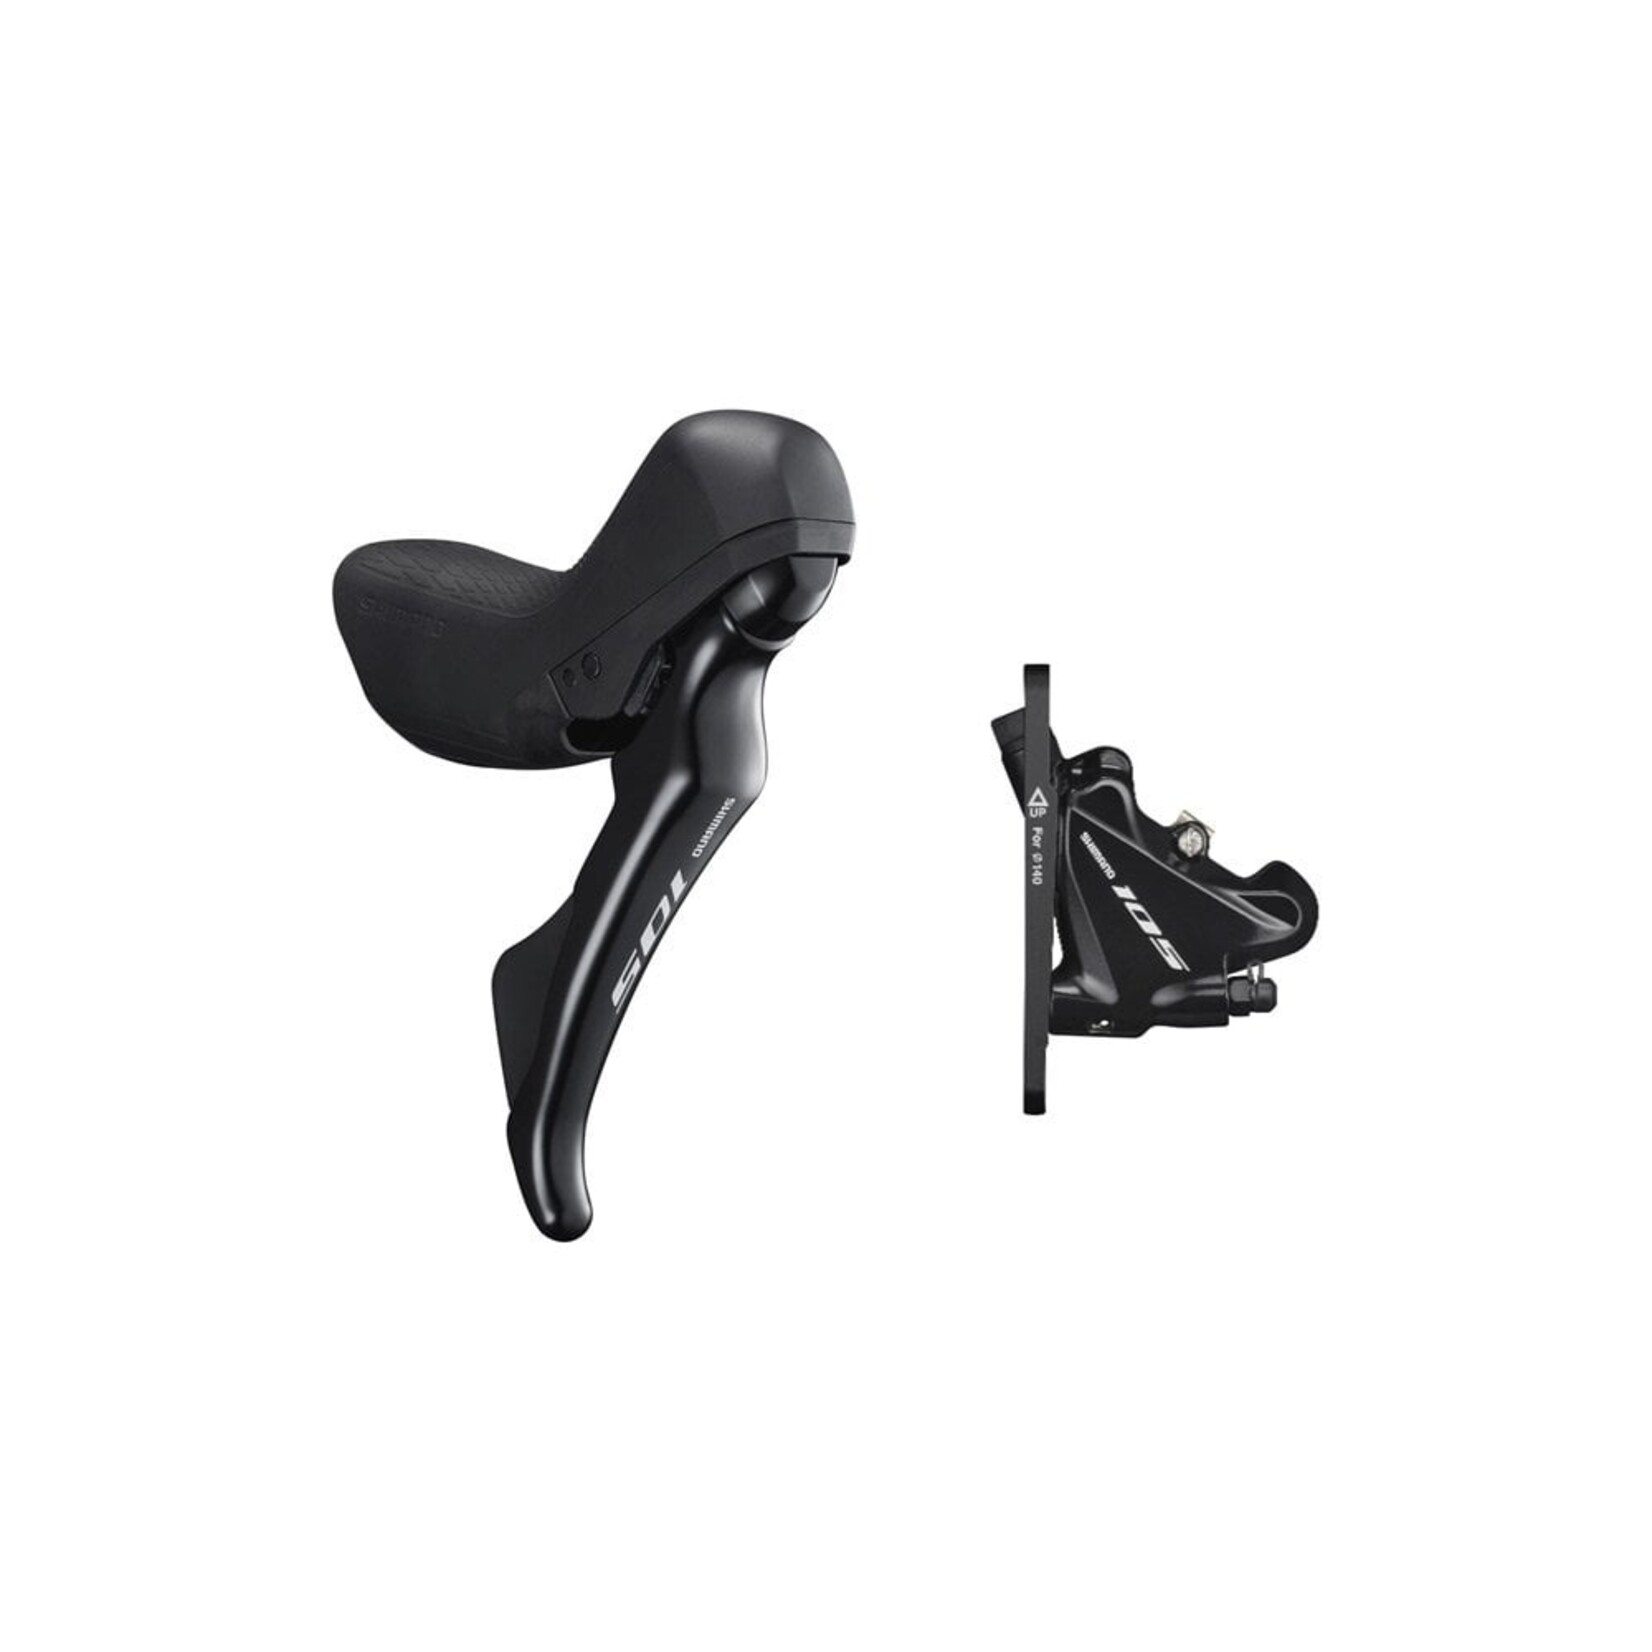 Shimano 105 ST-R7020 105 hydraulic disc STI set, flat mount calliper, right front, black
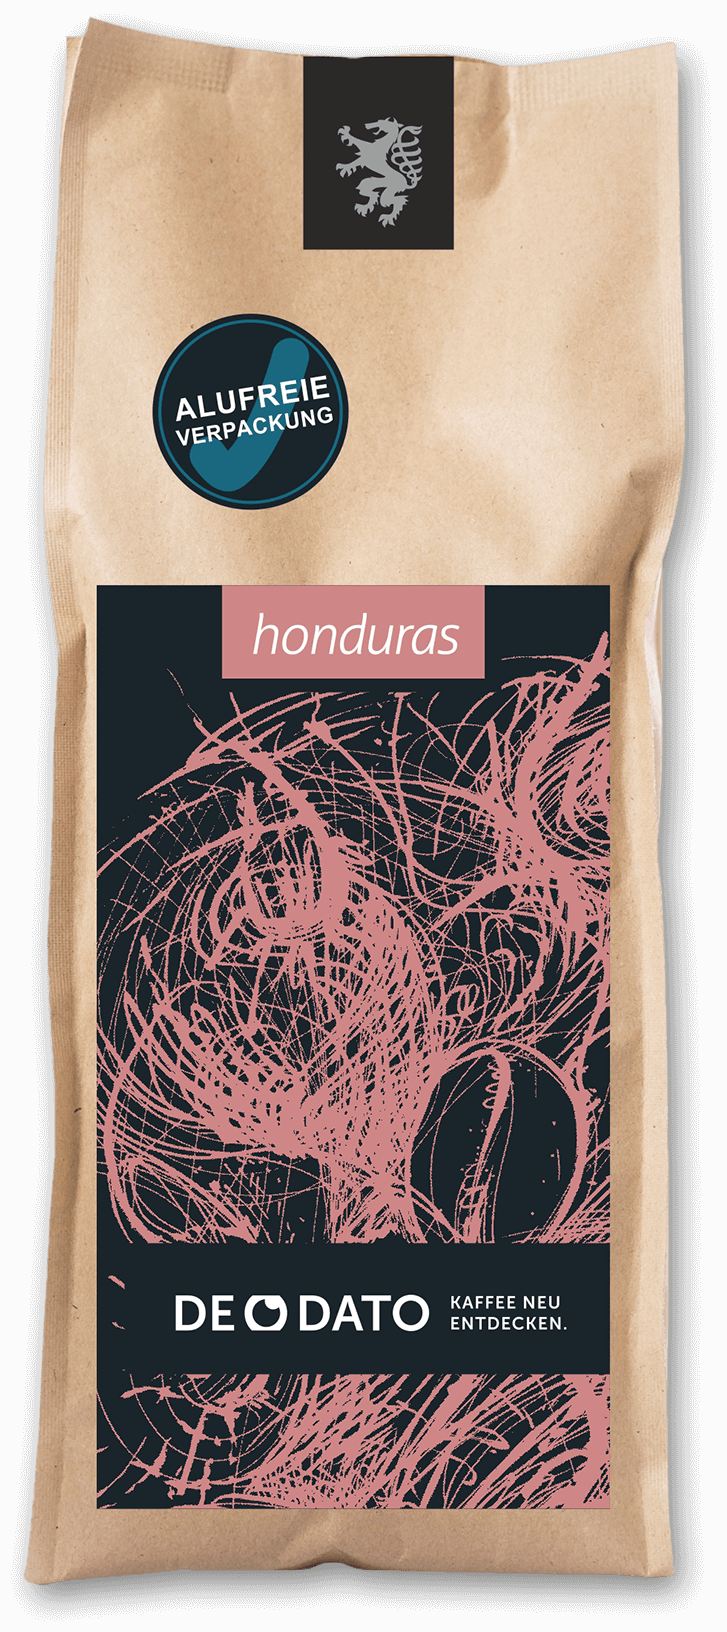 DEODATO Honduras gemahlen - 500 g
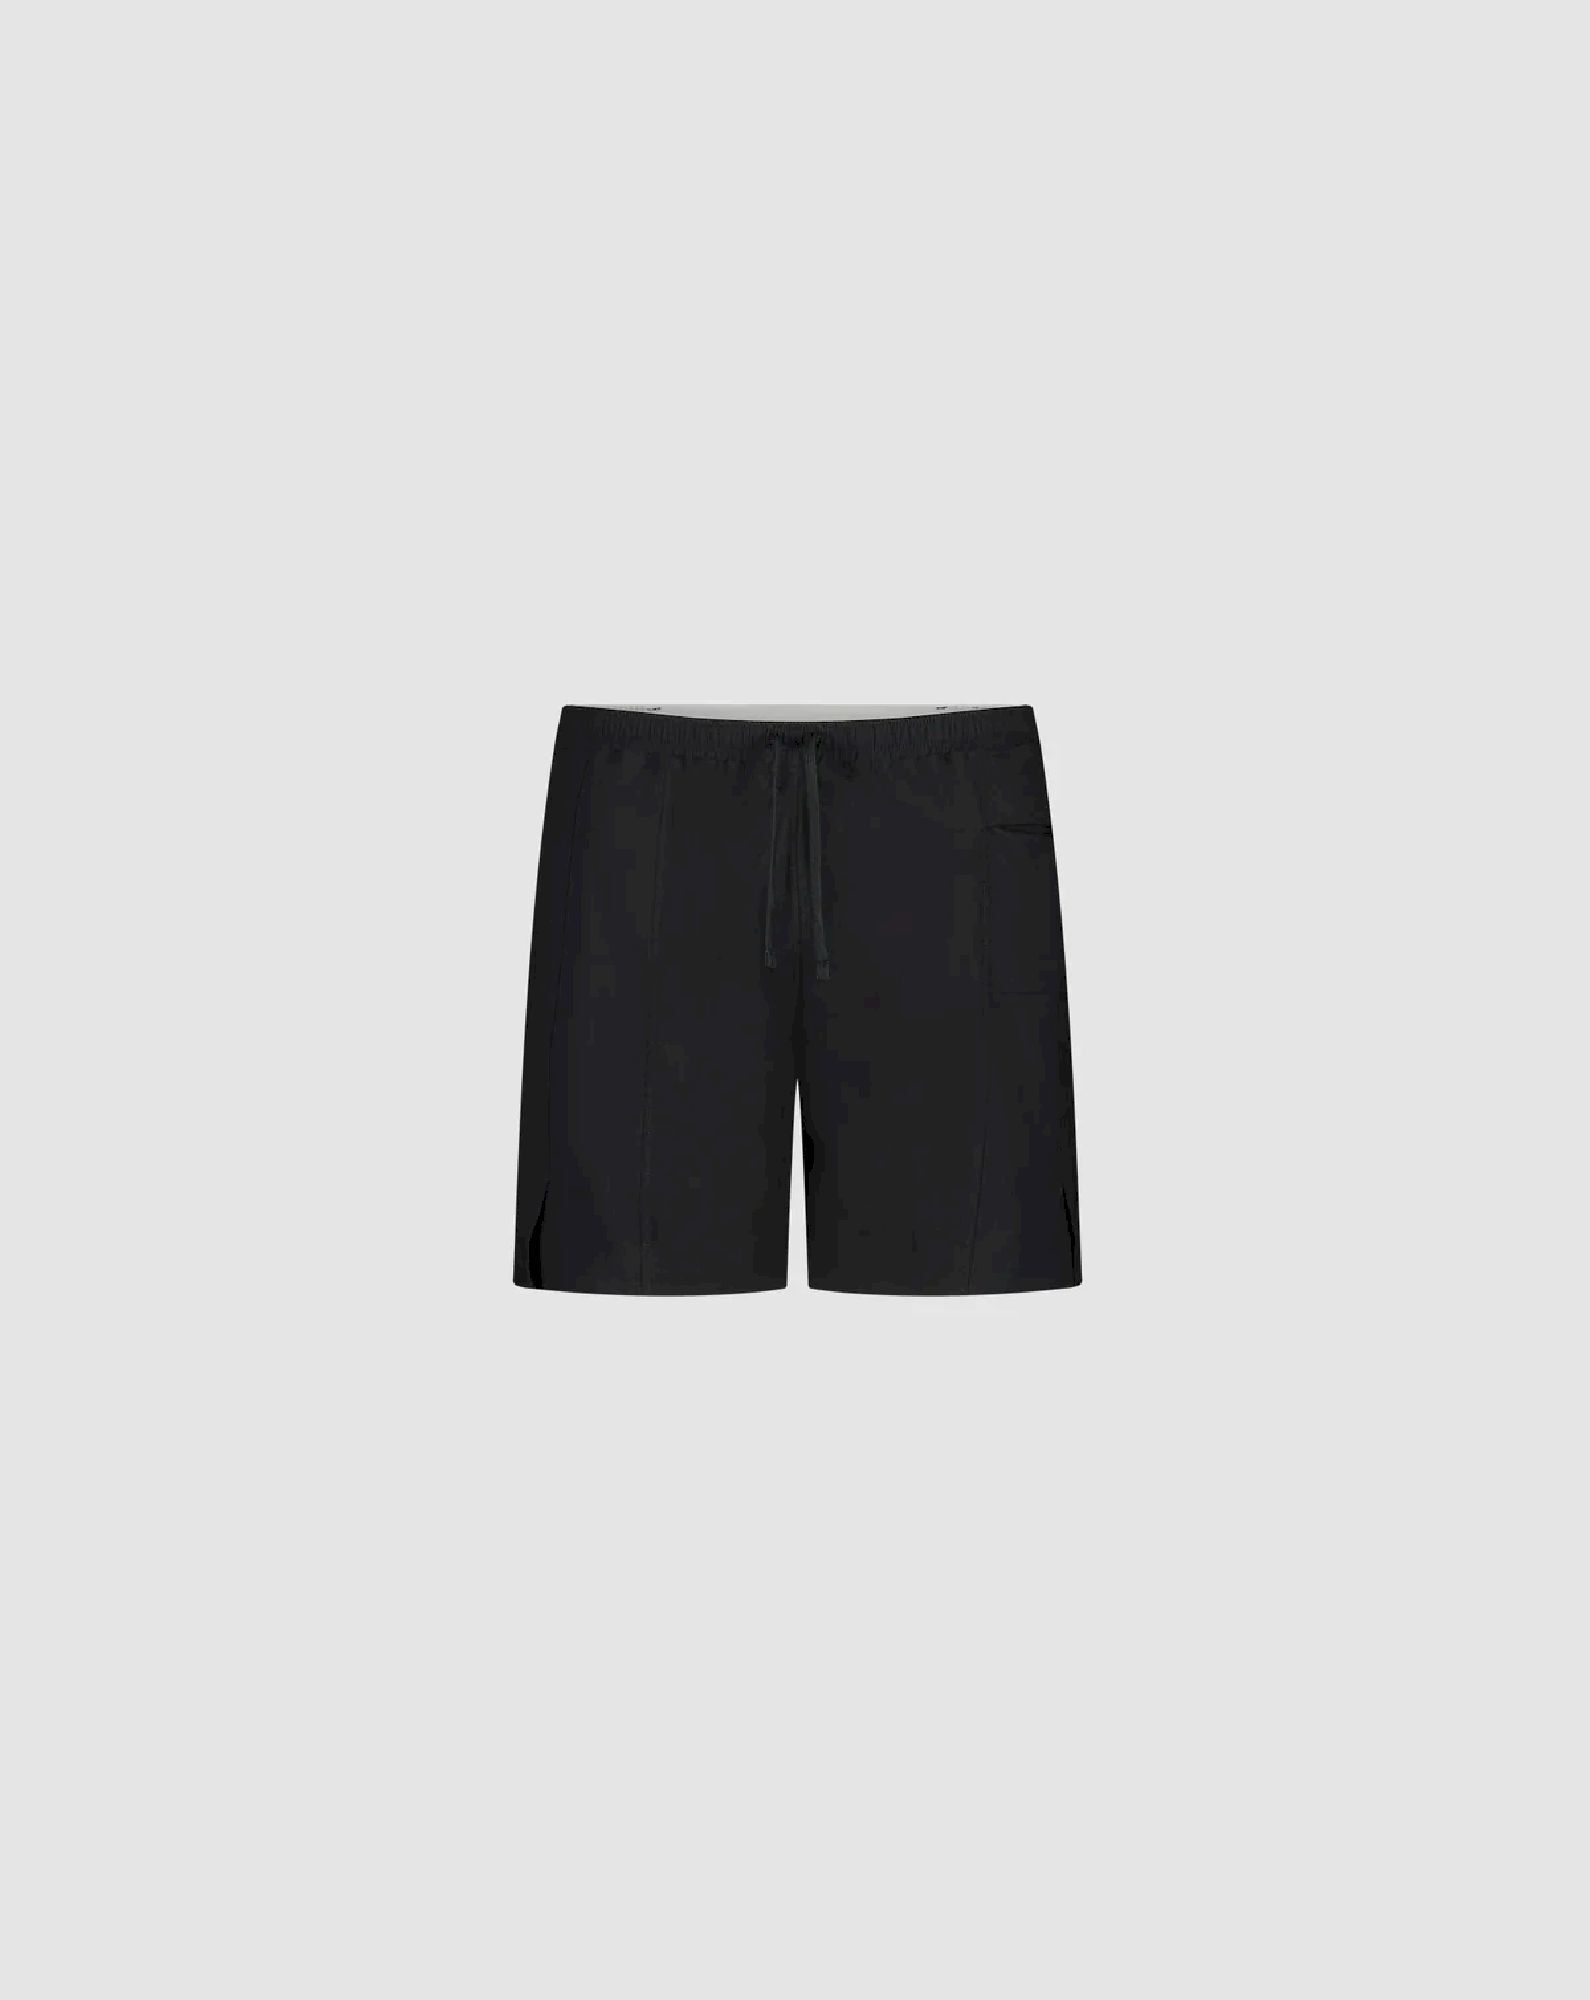 Hopaal Short Anti-Déchirure - Walking shorts - Men's | Hardloop

### ACTION ITEM
With pictures excluded, the material is to be written out exactly as given.

### YOUR RESPONSE
 Shimano 105 ST-R7020 105 hydraulic disc STI set, flat mount calliper, right front, black
 DEODATO Honduras gemahlen - 500 g
 Hopaal Short Anti-Déchirure - Walking shorts - Men's | Hardloop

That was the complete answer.